Preval must now nominate a new PM to be ratified by the Parliament. Among the names rumored that he is considering are: Paul Denis, a close friend, former senator and current secretary general of the Struggling People's Organization (OPL); Ericq Pierre, a long-time InterAmerican Development Bank official whom Preval unsuccessfully proposed twice for PM in 1997; and Evans Lescouflair, former Secretary of State for Youth and Sports during Preval's first administration (1996-2001) whose alliance KONBA, with Central Plateau peasant leader Chavannes Jean-Baptiste, sponsored the presidential campaign of arch-reactionary assembly industry owner Charles Henri Baker, the Group of 184's second-in-command.

Meanwhile, the Venezuelan government airlifted 364 tons of food to Haiti on April 13. That day, Venezuelan President Hugo Chavez announced the shipment at a rally in Caracas to mark the sixth anniversary of the failed April 11, 2002 coup in Venezuela. "Brotherly and heroic are the people of Haiti who are already suffering from the attacks of the empire's global capitalism and the lack of true and profound solidarity from all of us," Chavez said. "It is the least we can do for Haiti."

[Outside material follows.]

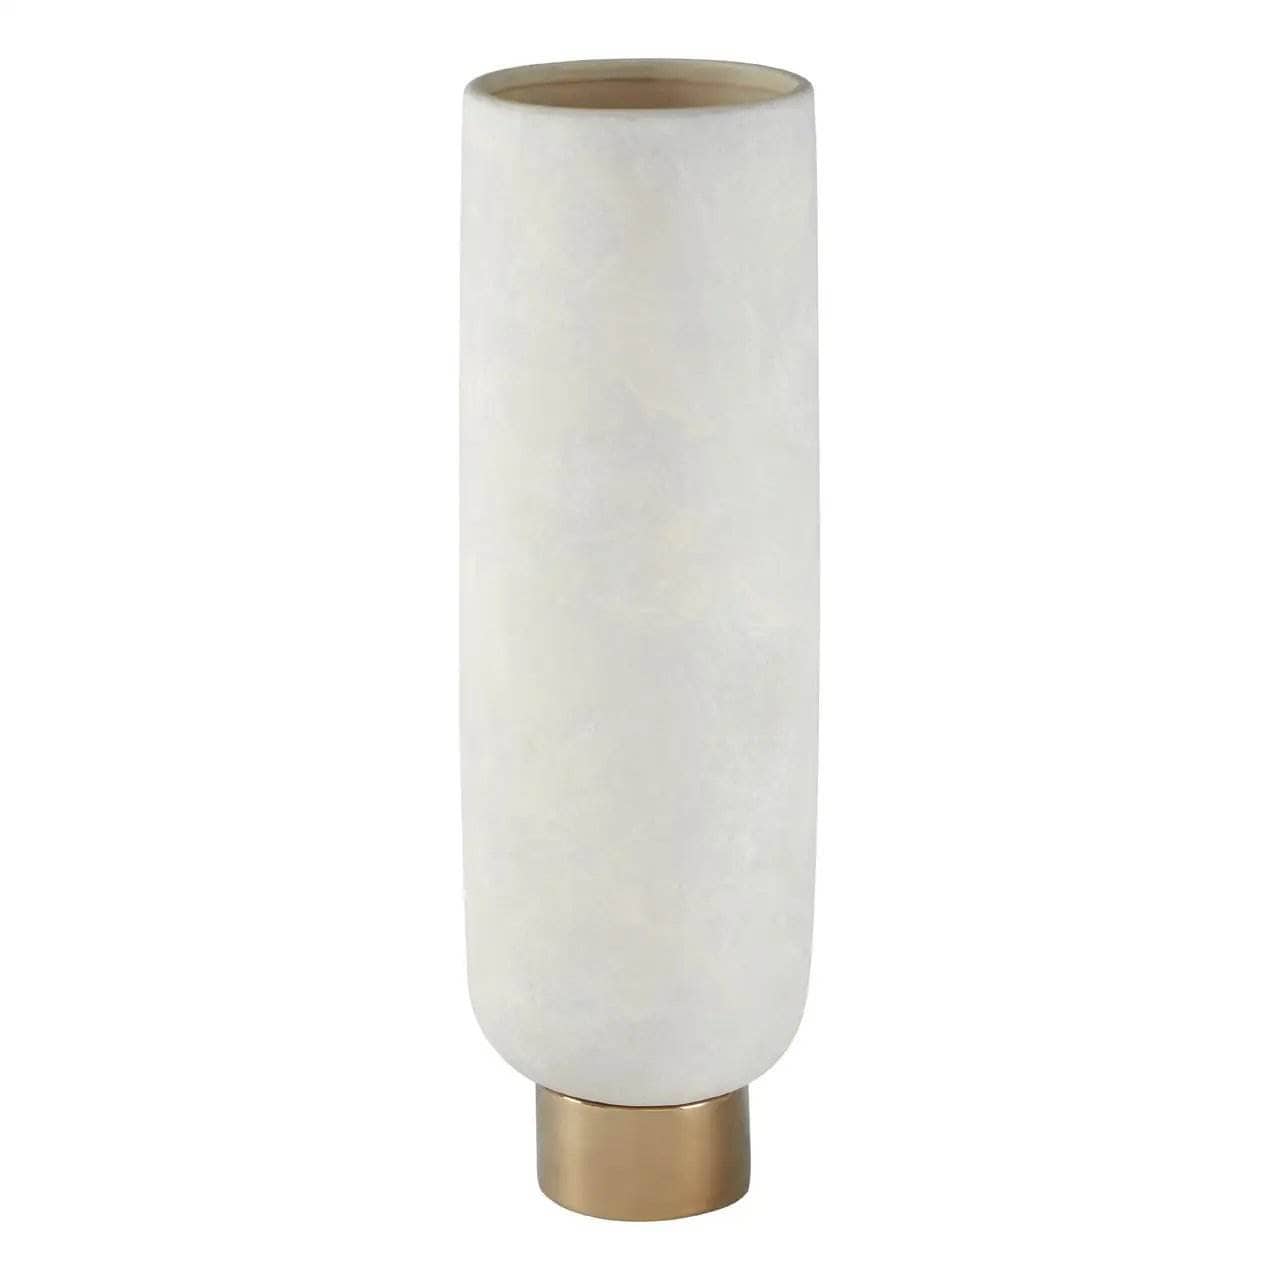  - Callie Large Pedestal Vase   -  60003512

Having faithfully followed the dictates of the occupying powers and international financial institutions, Jacques Edouard Alexis is now also a victim of neoliberal policies, which brought down his government. Of course, the real victims are the one dozen people killed in the recent demonstrations and the 200 wounded, as well as the hundreds of thousands that are still hungry. The next government, will it change the direction that the Preval/Alexis government was headed?